Glenn Aber Showcases Contemporary Vietnamese Art in Home Gallery

Dinh Y Nhi - Security checked

 Glenn Aber, a prominent art aficionado has developed a sincere love for Vietnamese Contemporary Art. He has showcased a multitude of paintings in his home gallery, AiBo Fine Asian Art.

The eyes of the young girl in the painting tell a story.  She has a weathered face that yearns to know more.  She cannot be more than six or seven, however, her expression makes her look older than her years.  She has a powerful story to share if given the chance.

Glenn Aber appears in his Rye living room, his personality immediately warm and welcoming; followed by his gallery director, Eva Fedderly. Aber has developed an intense love and fascination for Vietnamese Contemporary Art, featuring works from approximately 30 artists.
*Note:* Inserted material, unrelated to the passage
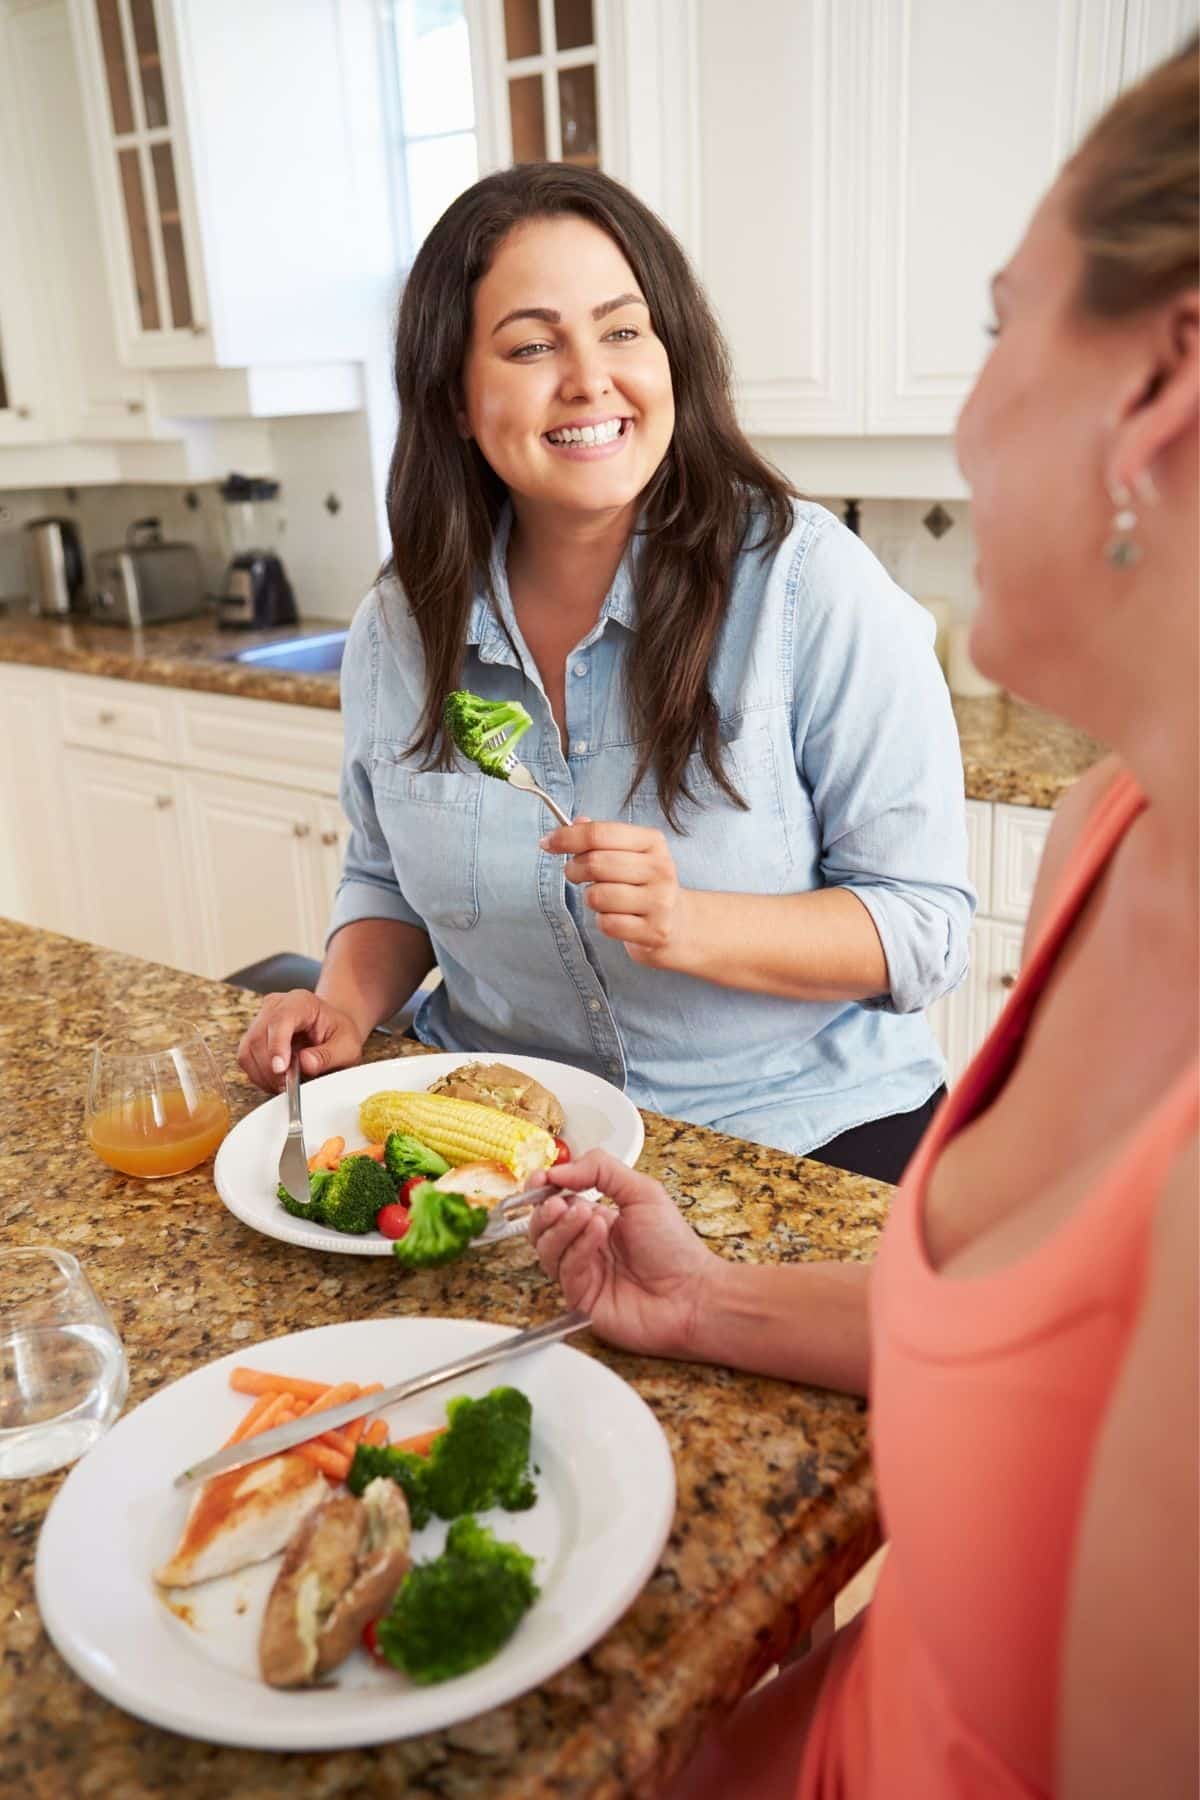 dos mujeres comiendo juntas en una cocina.

AiBo Fine Asian Art, his gallery for the past six years, is an atmosphere in which his guests and clients feel at home.

When it comes to purchasing the paintings, Aber goes with his gut.  He is also a man of emotion. These two attributes enable him to continue acquiring eclectic art. He carefully adjusts a painting so that it is hanging straight; demonstrating his passion for the artwork that has found a home on his walls.

Relaxing, Aber sinks into the pillows on the couch. He shares that the experience of reading an article in the New York Times titled “The Awakening of Hanoi,” propelled him to visit Vietnam and purchase 15 paintings.

“That’s basically how it started. And I was reading the article because of the impact that Vietnam and the war and the whole time period had on my life.” Aber is adamant that the Vietnamese people today do not harbor any ill will toward Americans; this attitude has elicited from him his love for them. “…this is a part of the attraction that I have to the art because it’s the people that I really have fallen in love with…”

A dichotomy exists between contemporary and traditional artwork that is native to Vietnam, according to Aber. The younger artists appreciate the art that is representative of their ancestors; their art reflecting a drastic evolution.

In 1986, the Vietnamese government legalized foreign trade and private ownership, which allowed freedom of expression from various artists through an assortment of mediums.

The vigor with which Aber moves from one painting to the next is contagious.  He is truly at home.

“You could spend hours down here and always see something different,” he said. “I come down here and just hang out sometimes.”

It is slightly cool in the gallery; preserving the artwork is crucial; improper maintenance can cause warping.

Rock Group, is host to warm colors that convey the music and liveliness of that atmosphere. Under the Bridge by Pham Binh Chuong, resembles a photograph; you have to look twice to distinguish the faint brushstrokes.

Ding Y Nhi’s Security Checked, is fierce and raw.

The beautifully bright colors used in Mid Day in Hanoi by Duong Viet Nam root the viewer in their spot.

Along with Aber’s insatiable love for Vietnamese artwork is an immense zeal for giving back to his surrounding communities. He serves on a nursing home’s board in New Rochelle and supports and revitalizes abused foster children from Cambodia.

Aber believes that it is important to give of one’s time through service.  He and his wife Francine helped cultivate the health of a young girl from Cambodia.

“She really was a precious, exceptional little kid.  She had a determination, and a spirit…a positive approach to life,” Aber described. “It gave me something that nothing else had ever given me.”

As “AiBo” means Aber in Mandarin, perhaps it is symbolic of a man who not only has a strong ability to follow his instinct but also of a man who is invested in the individual stories of the Vietnamese people.

Aber concludes,“Each and every painting has a memory, a story, an emotion attached to it. I love having it here.”